Other parameters that that can be adjusted by the user include the addition of the option to exclude contaminants. Furthermore, to increase the speed of the ETISEQ algorithm and to reduce the number of reconstructed MS/MS-like spectra of non-peptide origin, it was found that it is beneficial to predefine the range of scans over which MS/MS reconstruction is performed. This range can usually be estimated by visualization of the CDA data to determine the elution times where the peptide ions are first and last detected.

All remaining parameters described in the previous section such as the SIC time range and correlation coefficient cut-off were found to require less optimisation and are therefore not direct user adjustable through the web-interface. Nevertheless, these can be adjusted in the standalone version of ETISEQ which can be requested from the authors.

ETISEQ performance validation

In order to demonstrate the utility of the described algorithm, the numbers of peptides identified for tryptic protein digests of hen egg lysozyme and BSA, as well as a tryptic digest of whole influenza virus were compared using DDA data and CDA data with ETISEQ processing. The parameters used for ETISEQ were 5 selected precursor ions per spectra (n = 5) and these were excluded for 4 subsequent scans (x = 4) as previously determined to be optimal. DDA-like LC-MS/MS data were also generated from CDA data without precursor-product ion correlation processing.
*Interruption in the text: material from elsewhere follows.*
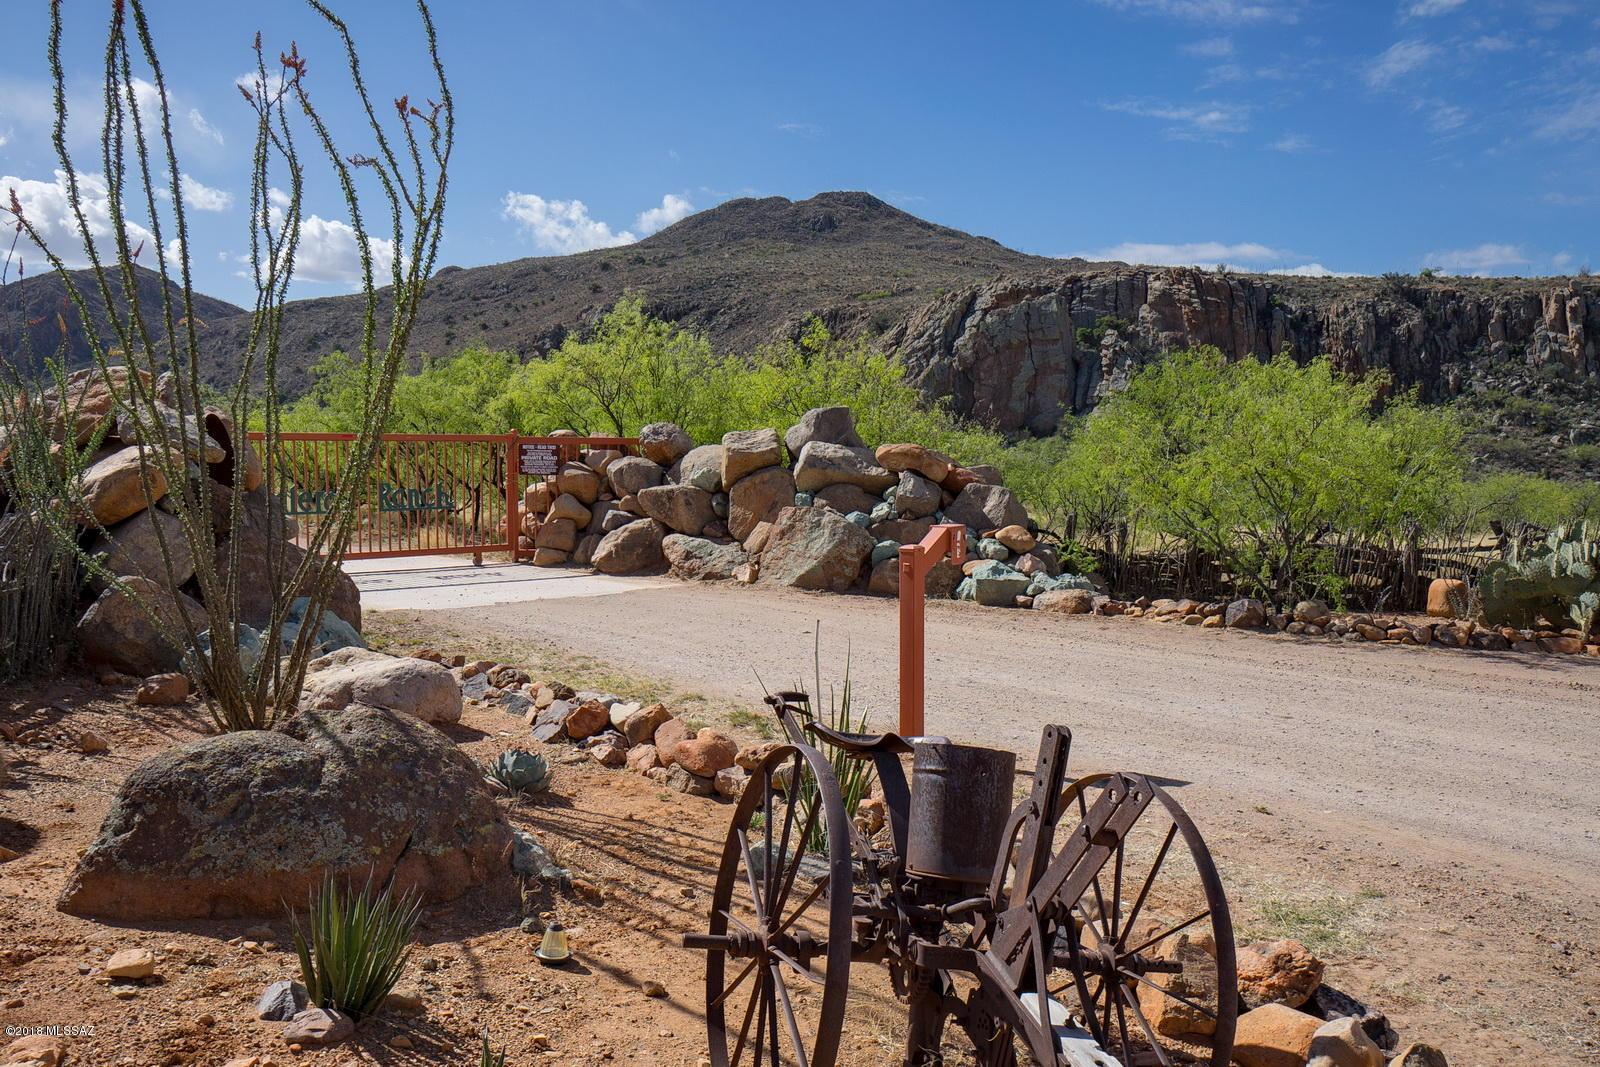 Unit 116, Tbd Salero Mountain Drive, Tubac AZ 85646 - Photo 1

This was necessary to demonstrate the benefit of ion correlation on automated MS/MS spectra interpretation.

Table 1 shows that the DDA data resulted in the highest number of unique peptides for identified lysozyme and the virus digest (8 and 20 unique peptides respectively), while CDA data processed with ETISEQ identified most for BSA (24 unique peptides – for full list of peptides [see Additional file 1]). In all cases, CDA without correlation processing resulted in the least number of identified unique peptides. Based on the overall peptide coverage of the virus digest (Table 2), it can be seen that the some of the identified peptides are different between DDA and CDA acquired data.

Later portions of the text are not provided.